### Data block
══════════
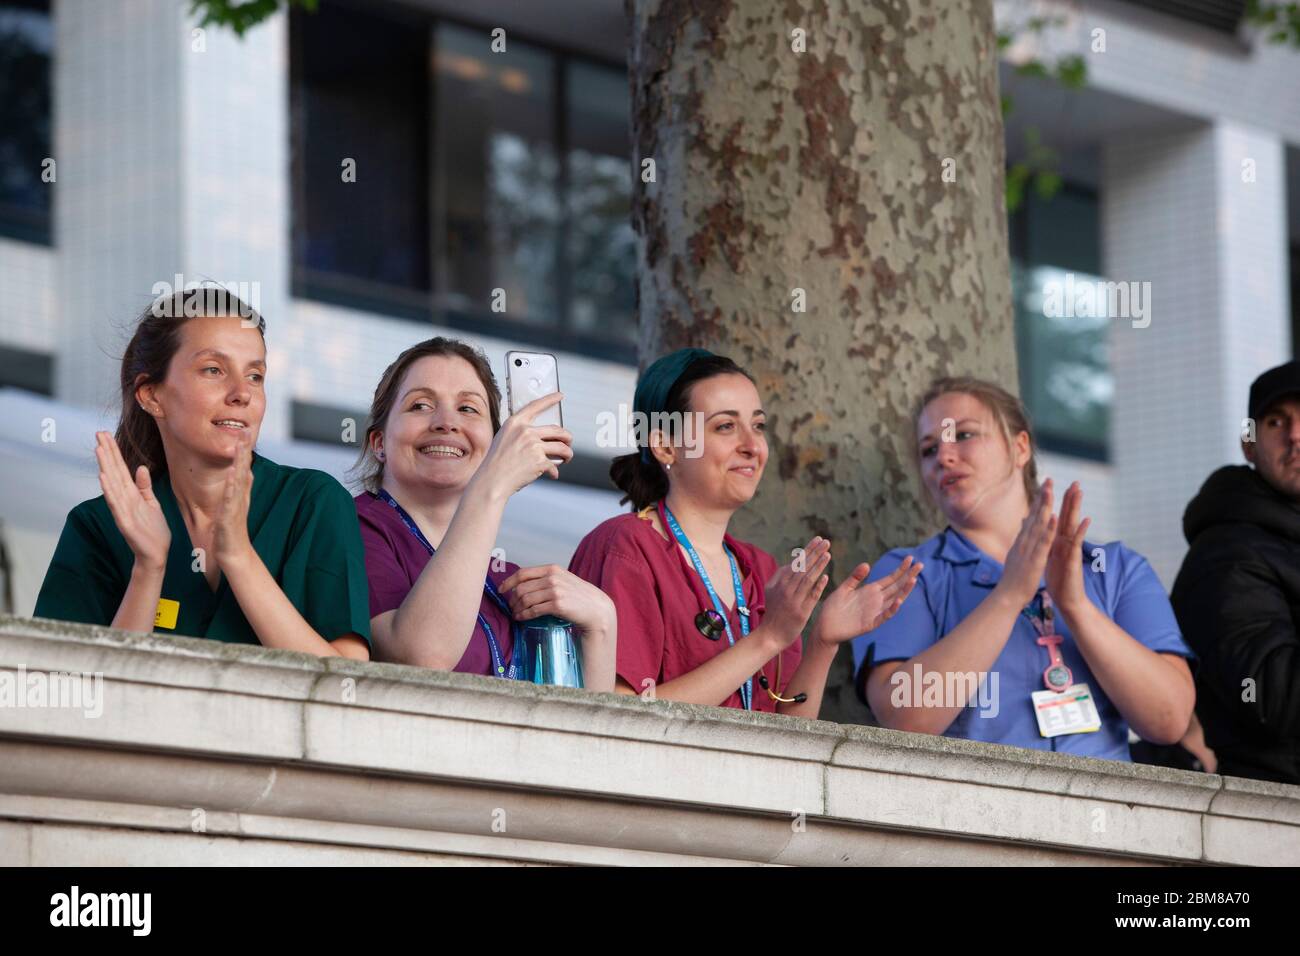 Londra, UK, 7 maggio 2020: Il personale dell'ospedale NHS St Thomas' si radunò sul muro che si affaccia sul Tamigi verso le Camere del Parlamento, dove diede e ricevette applausi per i loro sforzi dedicati a curare le vittime della pandemia COVID-19. Anna Watson/Alamy Live News Foto Stock
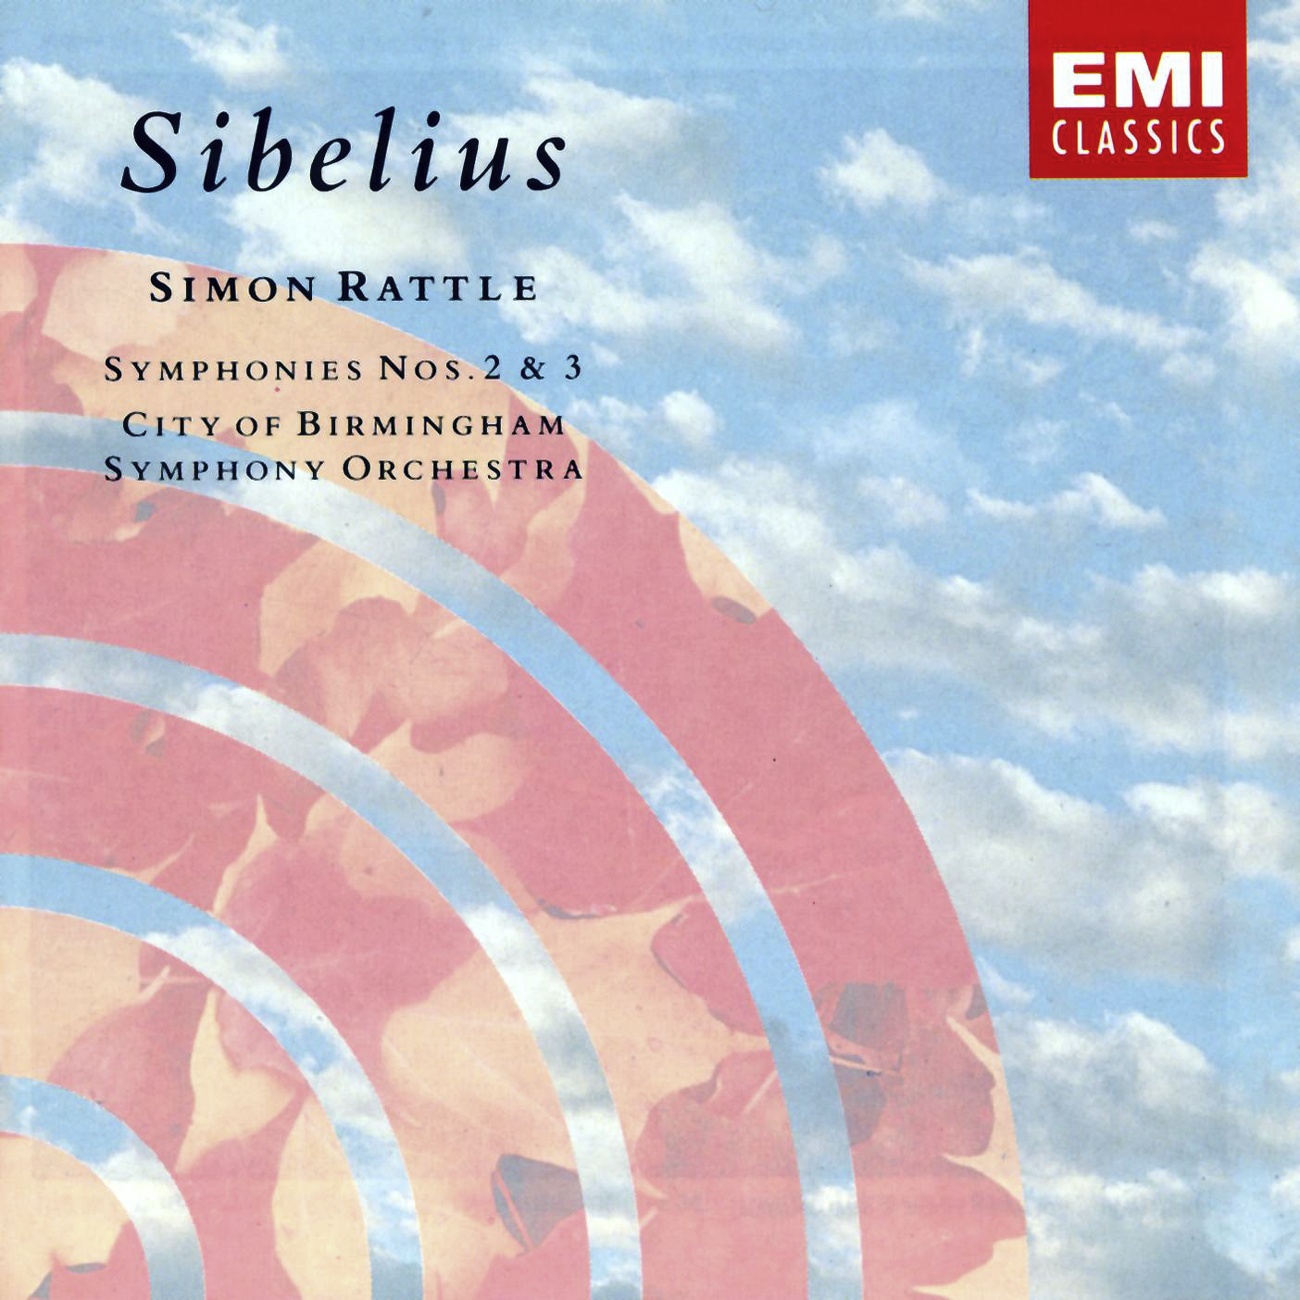 Sibelius: Symphony No. 2 in D, Op. 43: II. Tempo andante, ma rubato
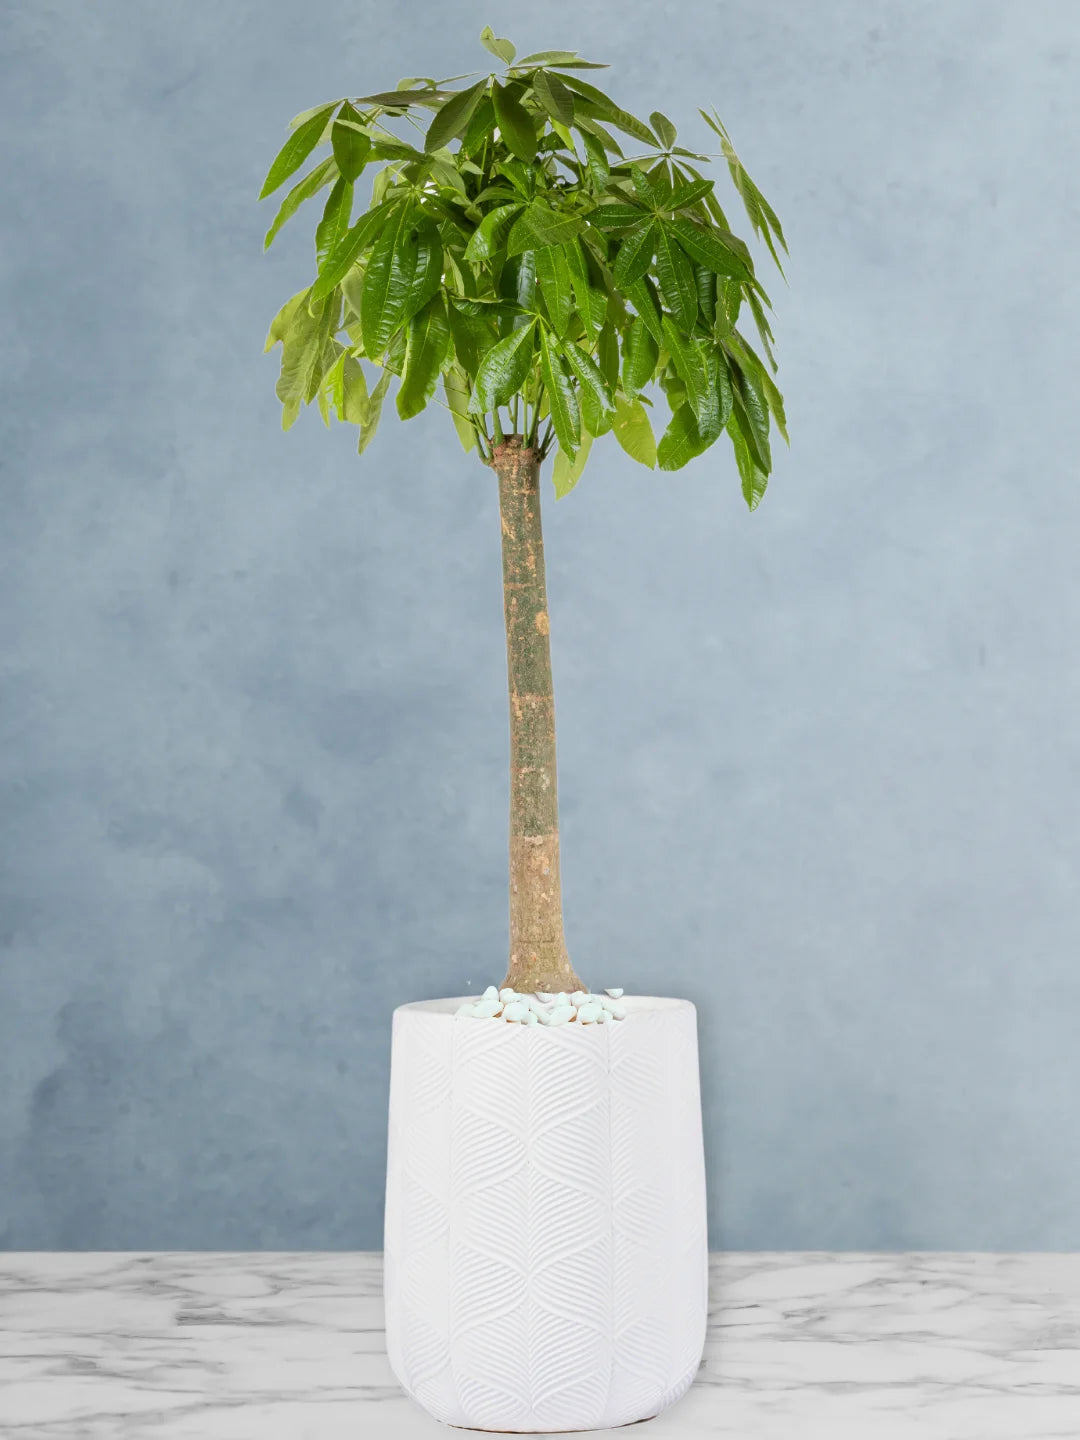 XL Pachira Aquatica: Your Feng Shui Money Tree
══════════
### What the task requires
From the first line of the material to the last, retype everything exactly except the images.

### Response to the task
 Londra, UK, 7 maggio 2020: Il personale dell'ospedale NHS St Thomas' si radunò sul muro che si affaccia sul Tamigi verso le Camere del Parlamento, dove diede e ricevette applausi per i loro sforzi dedicati a curare le vittime della pandemia COVID-19. Anna Watson/Alamy Live News Foto Stock
 Sibelius: Symphony No. 2 in D, Op. 43: II. Tempo andante, ma rubato
 XL Pachira Aquatica: Your Feng Shui Money Tree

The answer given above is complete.